> _STORED DATA_
[Start of Attachment]

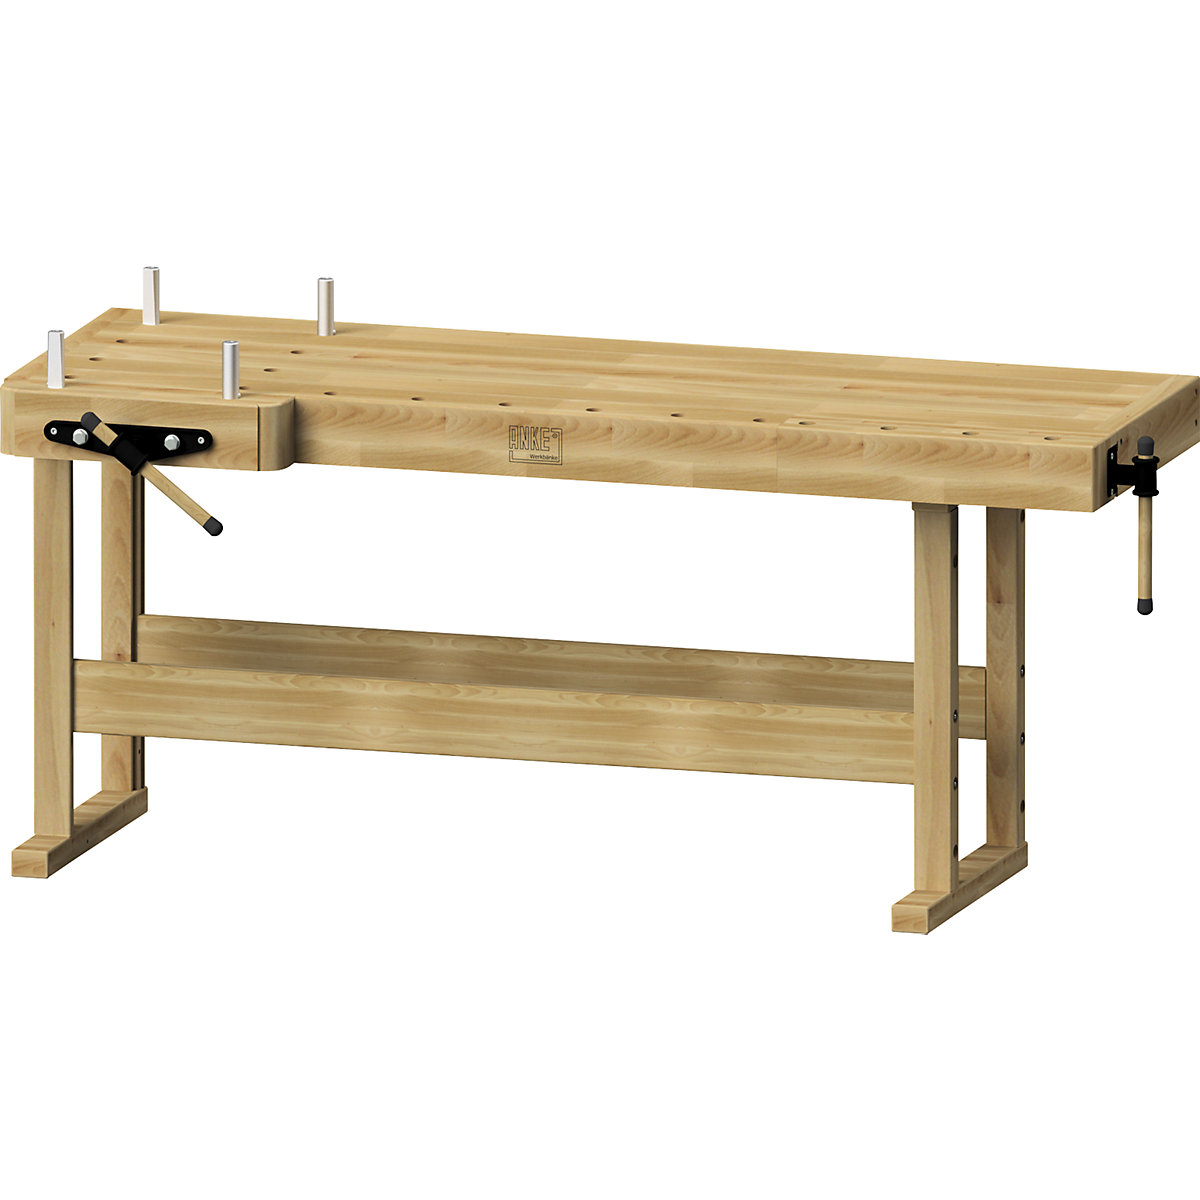 Profesionalna miza za skobljanje – ANKE
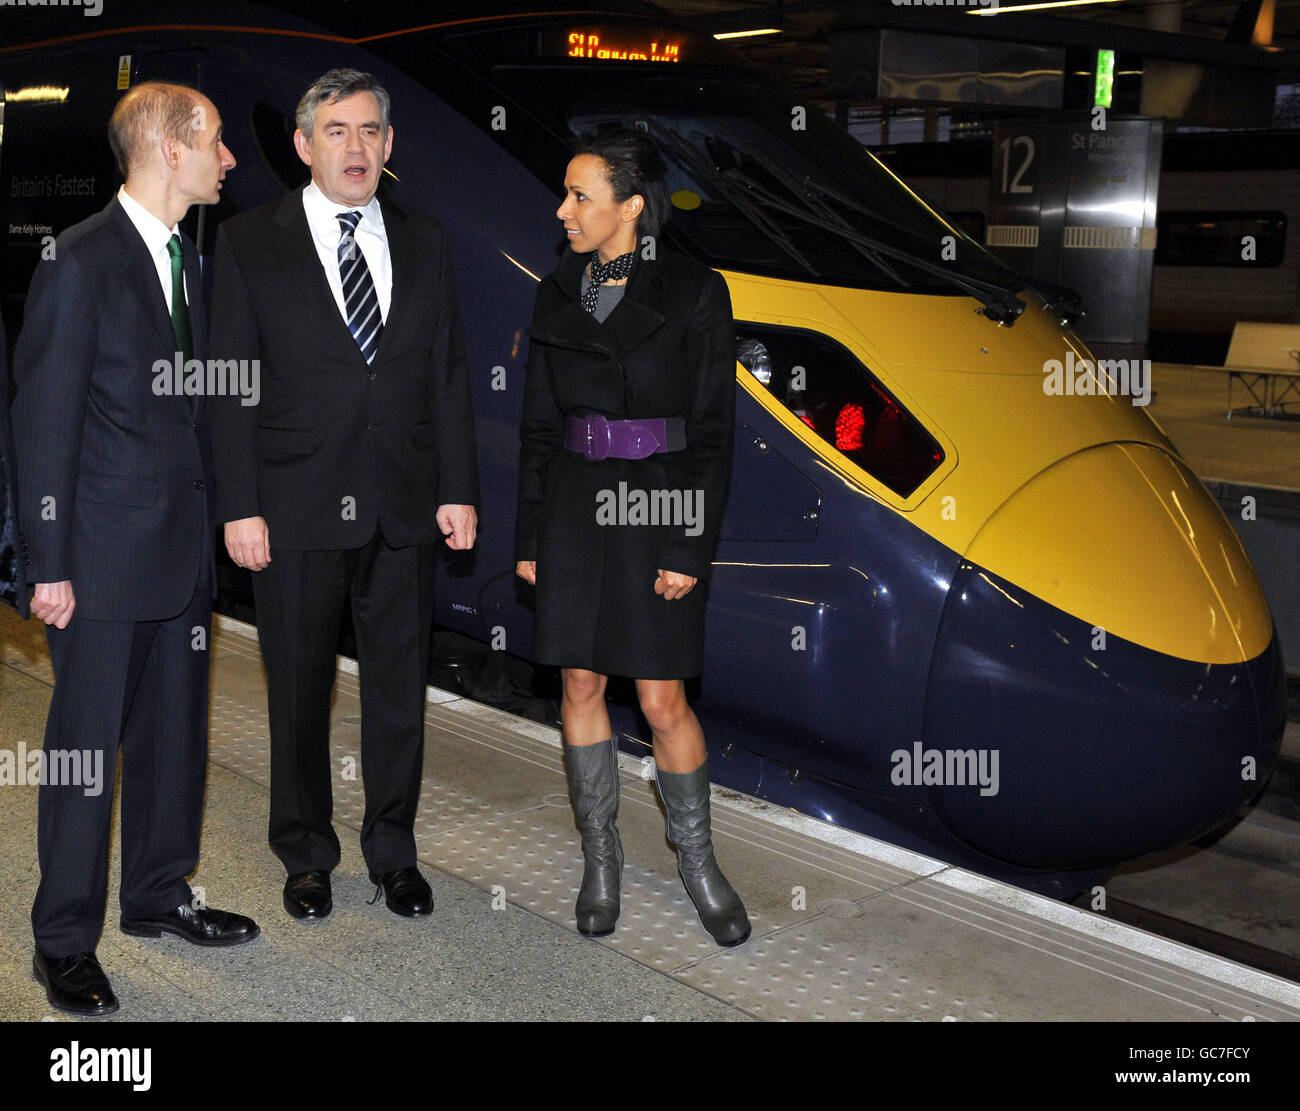 Premierminister Gordon Brown (Mitte) wird am ersten Tag der neuen Hochgeschwindigkeitszüge des Javelin-Zuges von Verkehrsminister Lord Adonis (links) und Dame Kelly Holmes (rechts) am Bahnhof St. Pancras in London begleitet. Stockfoto
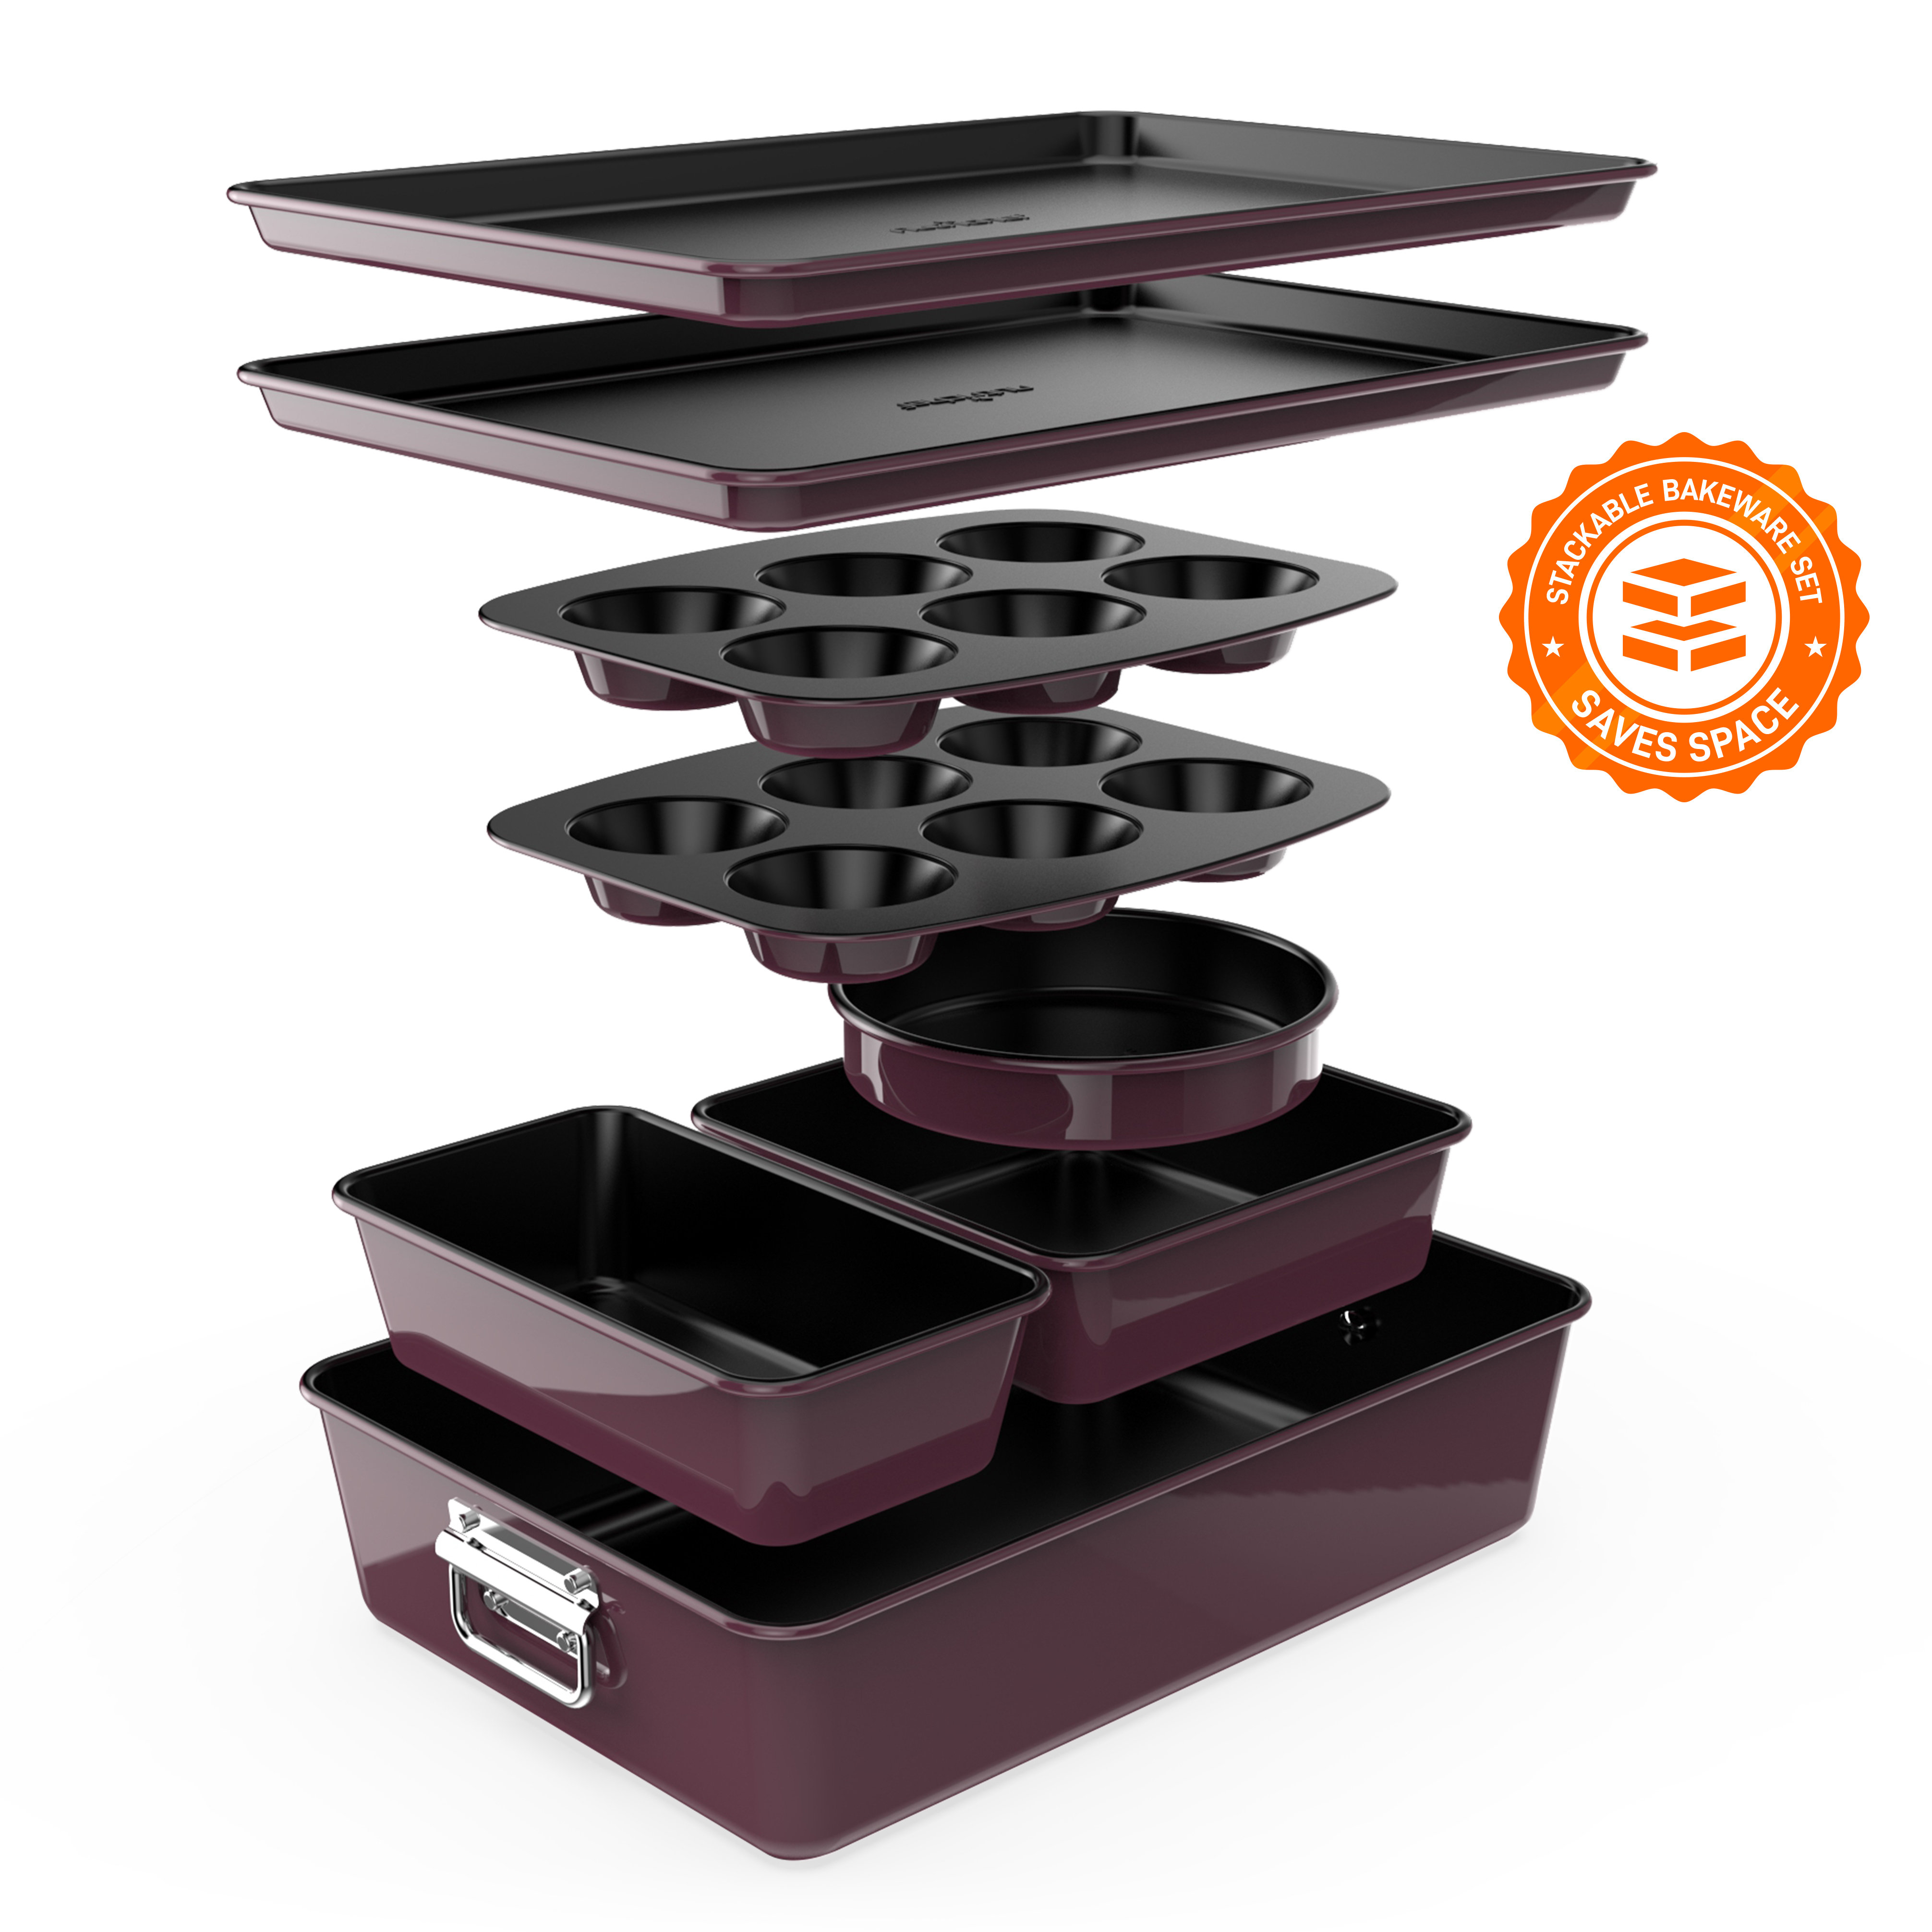 https://assets.wfcdn.com/im/66931734/compr-r85/2005/200511096/8pcs-stackable-carbon-steel-bakeware-sets-non-stick-coating-bake-tray-sheet-bakeware-set-purple.jpg

[End of Attachment]

> _WHAT THE EXERCISE ASKS_
Set out the material once more, exact in every line, with no images.

> _EXPECTED OUTPUT_
 Profesionalna miza za skobljanje – ANKE
 Premierminister Gordon Brown (Mitte) wird am ersten Tag der neuen Hochgeschwindigkeitszüge des Javelin-Zuges von Verkehrsminister Lord Adonis (links) und Dame Kelly Holmes (rechts) am Bahnhof St. Pancras in London begleitet. Stockfoto
 https://assets.wfcdn.com/im/66931734/compr-r85/2005/200511096/8pcs-stackable-carbon-steel-bakeware-sets-non-stick-coating-bake-tray-sheet-bakeware-set-purple.jpg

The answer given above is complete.